### EXERCISE DIRECTIONS
Beneath this instruction is a block of data; output from it exactly the lines that run from the one containing "青海发布2020中级会计职称无纸化考试方式电力保障工作通知" through the one containing "原创热血竞技足球比赛宣传海报", inclusive.

** RECORDS PROVIDED follows **

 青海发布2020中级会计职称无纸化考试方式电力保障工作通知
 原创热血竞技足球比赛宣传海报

** End of RECORDS PROVIDED **
** RECORDS PROVIDED follows **

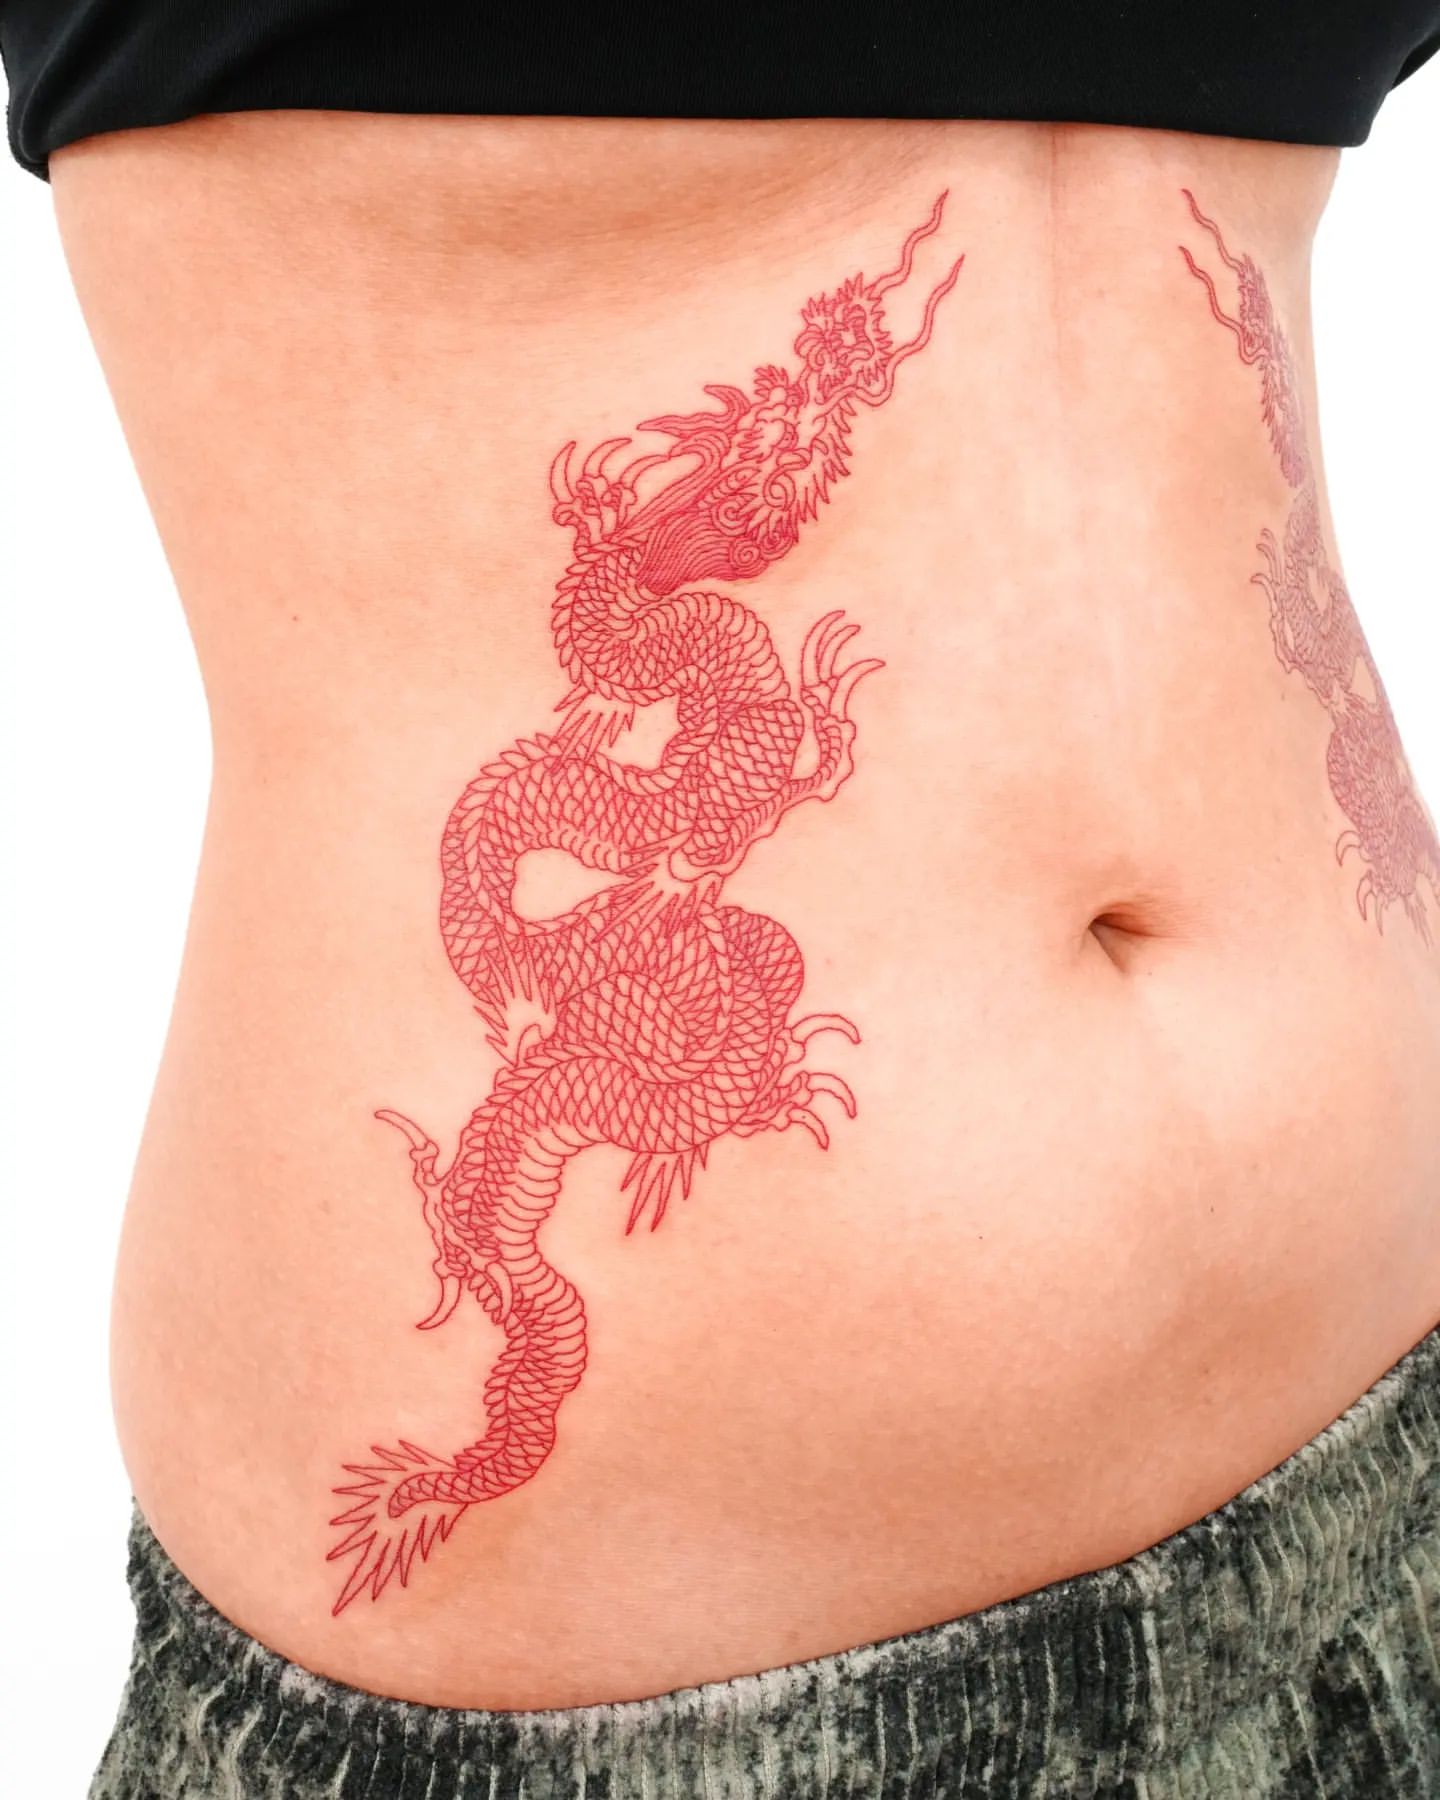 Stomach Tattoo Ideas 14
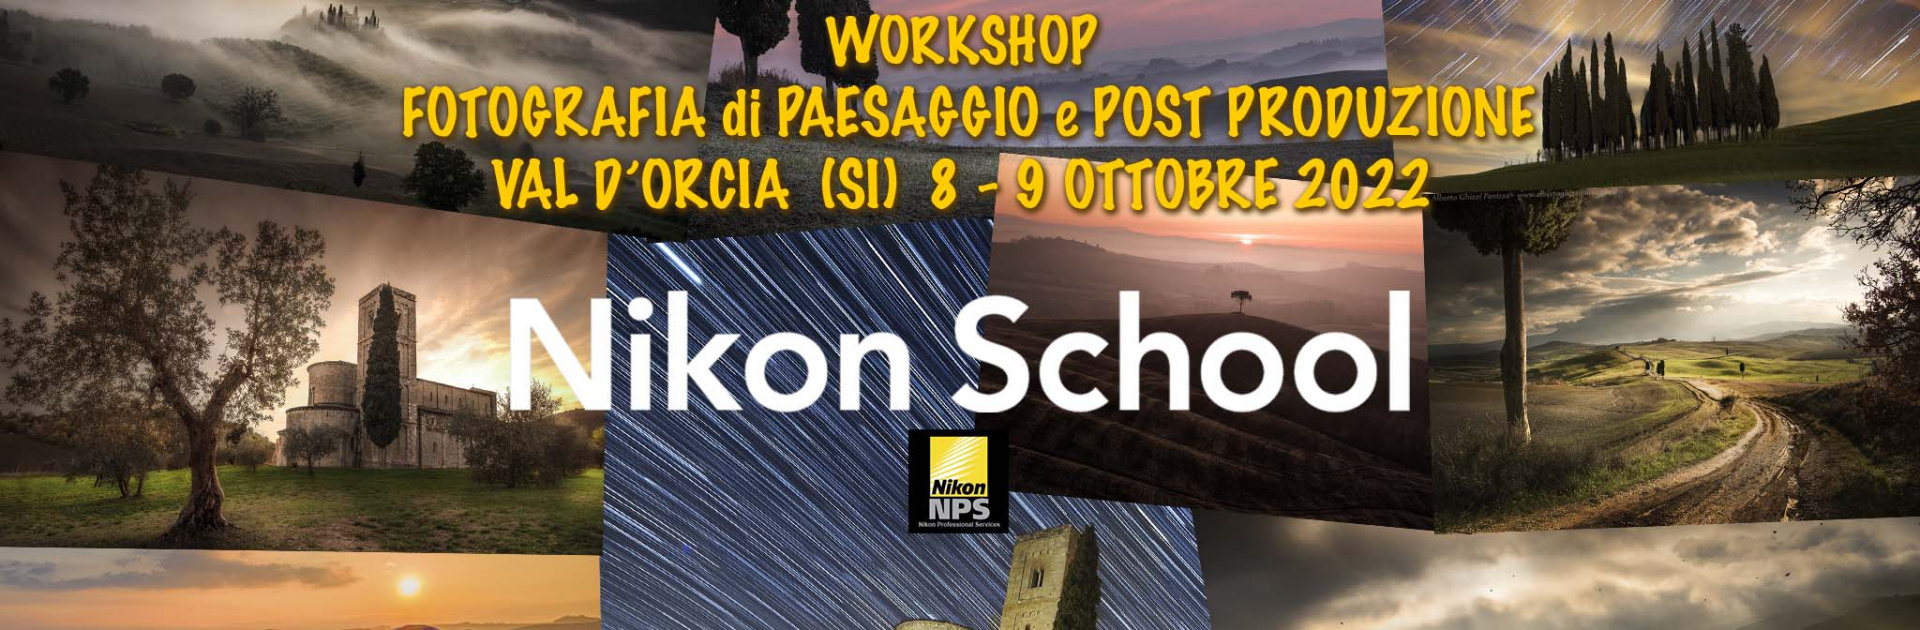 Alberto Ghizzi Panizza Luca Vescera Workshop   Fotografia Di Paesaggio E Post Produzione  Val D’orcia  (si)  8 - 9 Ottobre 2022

** End of RECORDS PROVIDED **
** RECORDS PROVIDED follows **

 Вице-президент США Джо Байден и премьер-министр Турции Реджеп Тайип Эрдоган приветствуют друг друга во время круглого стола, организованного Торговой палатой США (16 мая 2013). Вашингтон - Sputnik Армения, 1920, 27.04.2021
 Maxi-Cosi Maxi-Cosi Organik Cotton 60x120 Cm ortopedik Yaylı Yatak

** End of RECORDS PROVIDED **

### TASK RESPONSE
 青海发布2020中级会计职称无纸化考试方式电力保障工作通知
 原创热血竞技足球比赛宣传海报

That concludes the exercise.